LA SENTENZA
Condannata la coppia diabolica
Stordirono e derubarono un uomo: lei prende 4 anni, lui tre mesi in più

Gli inquirenti l’avevano definita coppia diabolica e non perché tra loro ci fosse una relazione sentimentale: i due imputati erano partner nelle faccende illecite.
E ieri, mercoledì 29 maggio, Alessandra Faiella e Alberto Tenconi sono stati condannati dal collegio presieduto dal giudice Renata Peragallo a quattro anni e 900 euro di multa lei, a quattro anni e tre mesi più 1.100 euro di multa lui.
Proprio come quanto chiesto dal pubblico ministero Francesca Parola al termine della sua requisitoria.
Il loro avvocato, Andrea Brumana, è già pronto ad affrontare il processo d’appello, «perché i fatti sono andati in modo completamente diverso da come sono stati ricostruiti».
La vicenda per cui i due sono finiti in tribunale risale al primo febbraio del 2018.
Secondo la Procura, la donna, quel giorno, invitò un vecchio amico per un aperitivo, poi decisero di pranzare insieme. Attese che l’uomo andasse alla toilette e versò il sonnifero nel bicchiere di vino bianco.
Tornato al tavolo, lui notò uno strano intorbidimento, sorseggiò e disse «ma che sapore ha?».
«Tranquillo, ti ho messo dentro io il limone della mia grigliata».
Lungi dal porsi domande, l’amico - professione portiere di un albergo - piano piano sprofondò in uno stato di stordimento tale da accettare l’invito di Alessandra Faiella ad andare a casa sua per un pisolino ristoratore.
Sta di fatto che si risvegliò completamente nudo nel letto dell’amica, in stato confusionale.
«Ma è successo qualcosa tra noi?» le chiese.
«Lo scopriremo tra un mese», avrebbe risposto lei. Già, ma intanto il bancomat dell’uomo era sparito. Lo ritrovò poco dopo, vicino al cancello di ingresso dell’abitazione di Faiella.
Insospettito, fece un estratto conto e scoprì l’ammanco di 500 euro.
A parere della Procura, Faiella dette la carta di credito a Tenconi, il quale si occupò materialmente del prelievo di denaro.
Da che cosa scaturì questo convincimento? Semplice, dalla visione dei filmati di videosorveglianza, in cui si stagliava la figura di un soggetto incappucciato che svolgeva le operazioni allo sportello.
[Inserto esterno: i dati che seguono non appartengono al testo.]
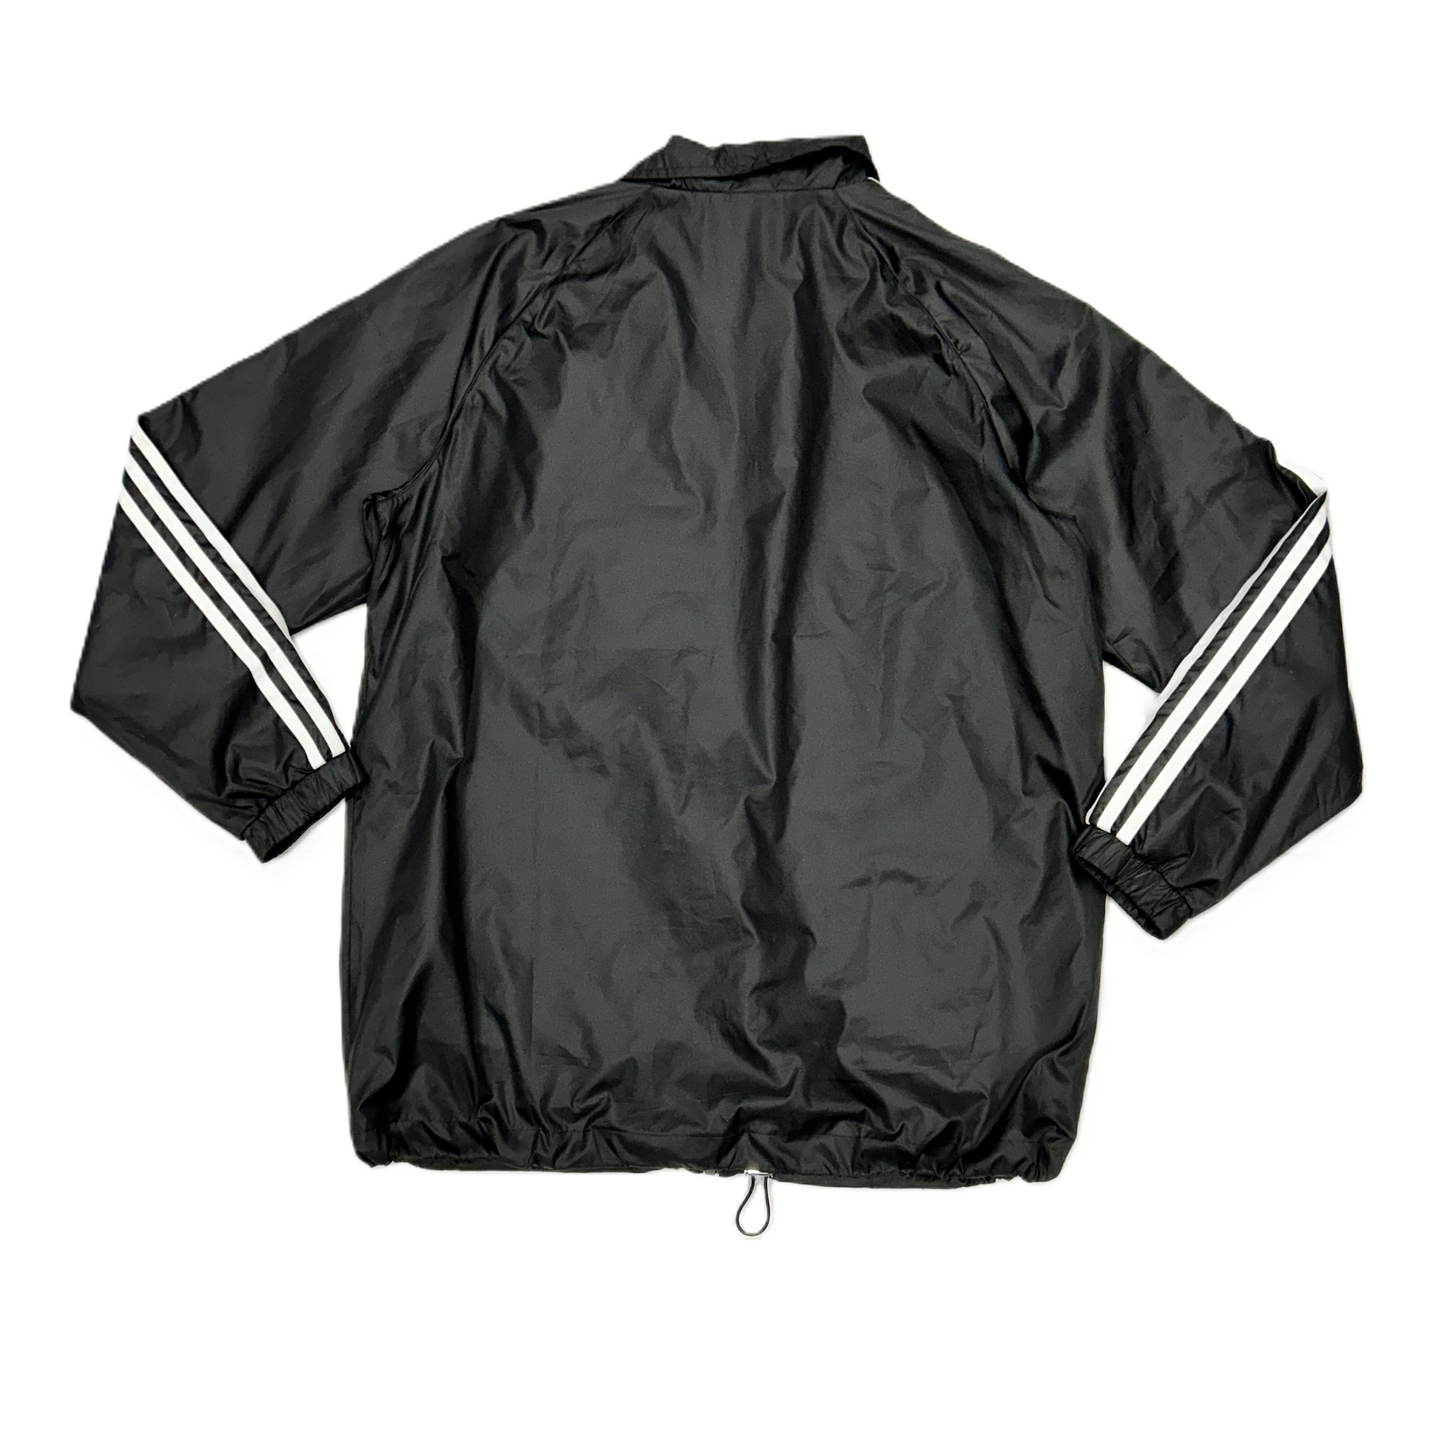 Grey Athletic Jacket By Adidas, Size: M

E nemmeno a farlo apposta, un mese prima, un uomo del tutto corrispondente alle sue fattezze era stato arrestato e processato per direttissima per un episodio perfettamente sovrapponibile.
«La verità è che quel giorno avevamo bevuto tantissimo tutti e due, io poi gli chiesi dei soldi, come già accaduto in passato, e lui mi dette il bancomat che io consegnai a Tenconi», si è sempre giustificata l’imputata.
E l’avvocato Brumana è determinato a dimostrare in secondo grado l’insussistenza di qualsiasi reato a carico dei suoi assistiti.